Exercise aim: Transcribe the listing that follows in full, exactly, and drop its images.

Dataset section below:

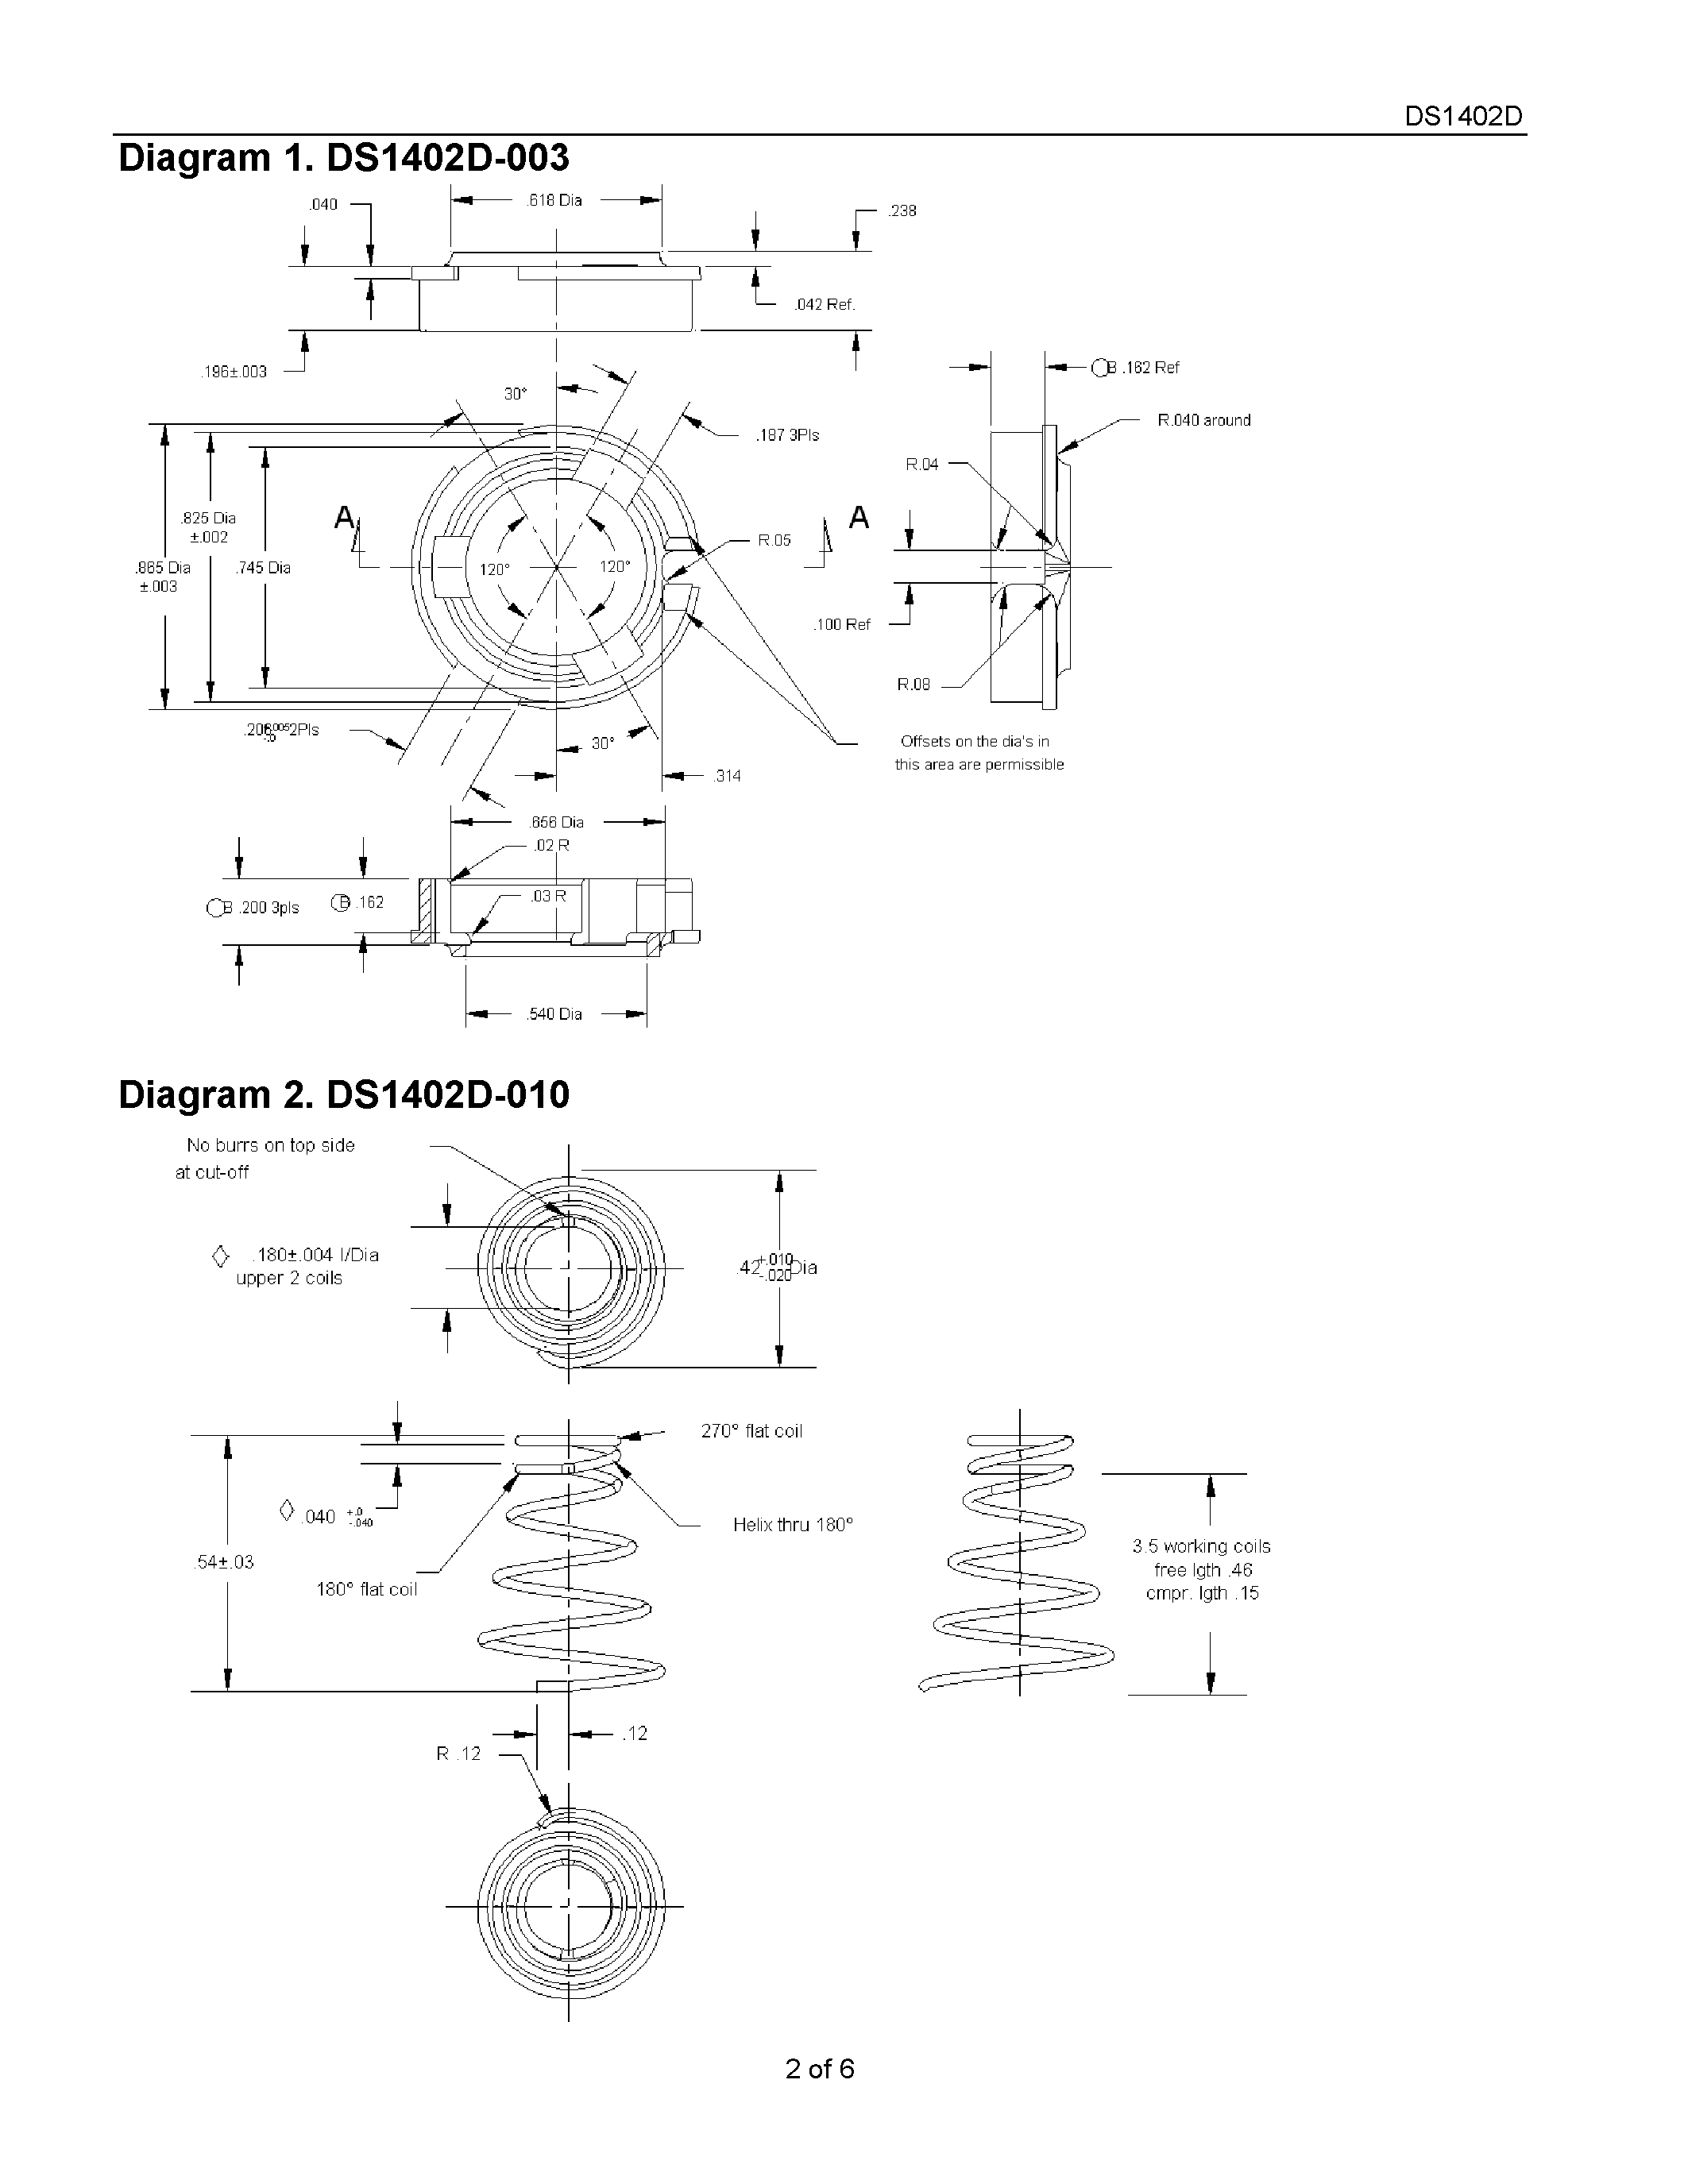 Даташит DS1402D-3 - iButton Probe Component Parts страница 2
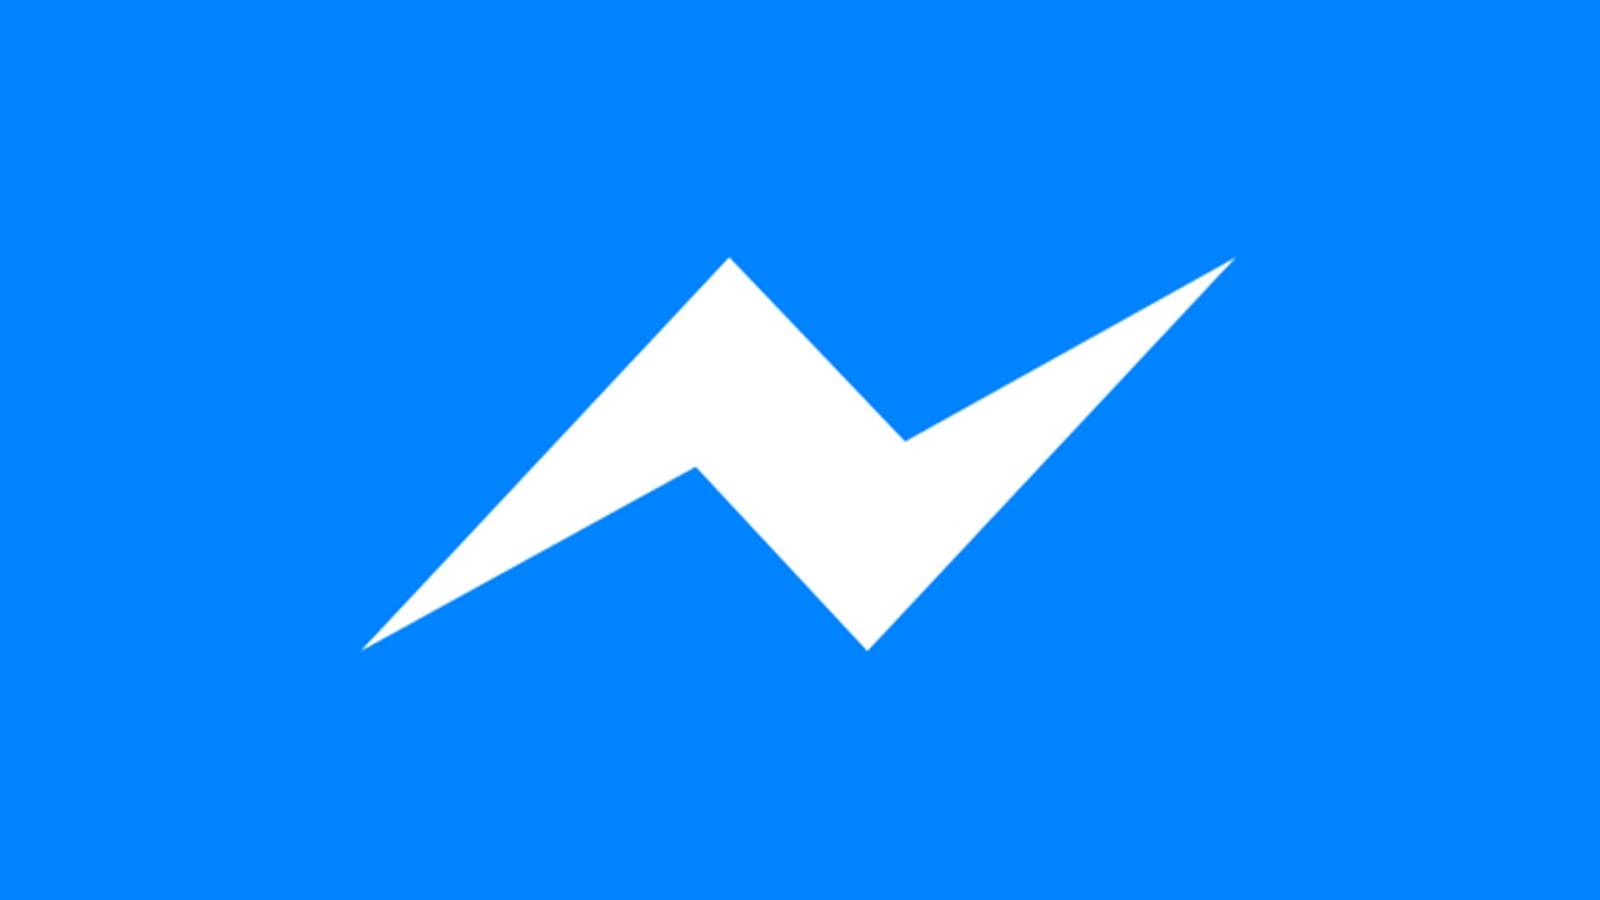 Facebook Messenger Update vine cu Noutati in Telefoane si Tablete
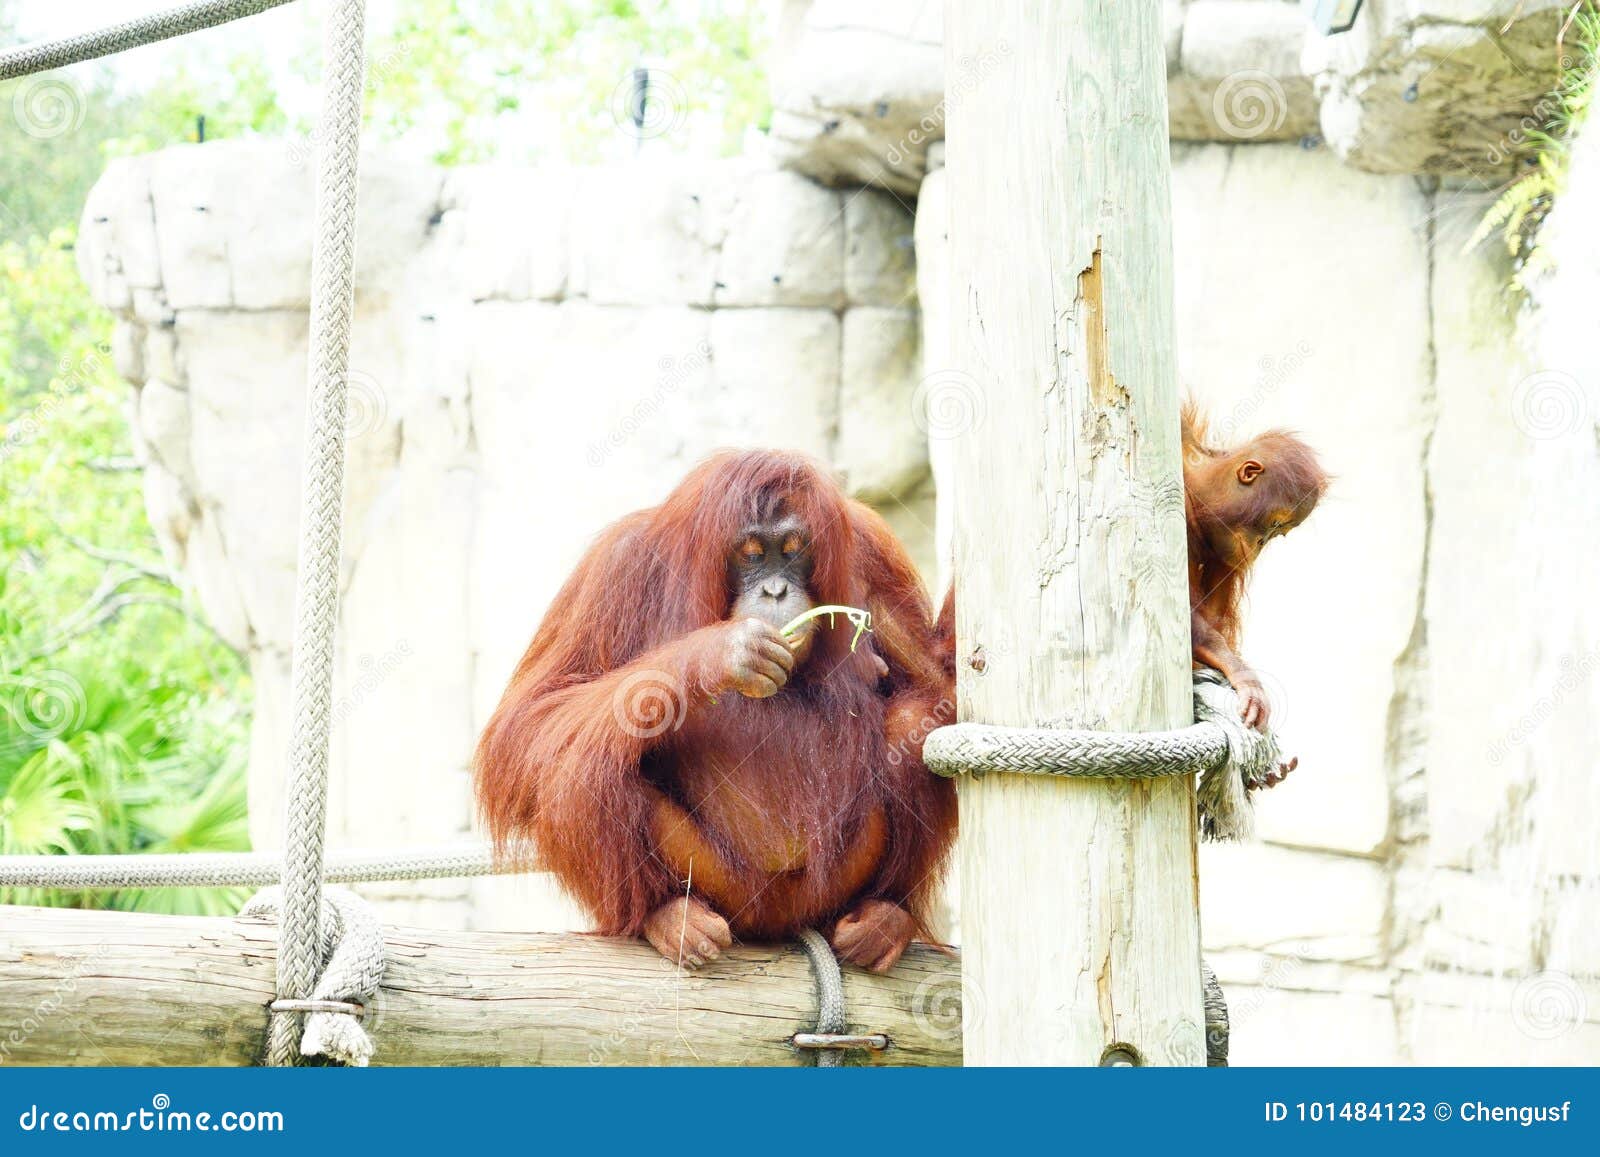 Download Mammal Orangutan Primate Ape Stock Image - Image of bonobo, climb: 101484123

End of Dataset section.

Task result:
 Даташит DS1402D-3 - iButton Probe Component Parts страница 2
 Facebook Messenger Update vine cu Noutati in Telefoane si Tablete
 Download Mammal Orangutan Primate Ape Stock Image - Image of bonobo, climb: 101484123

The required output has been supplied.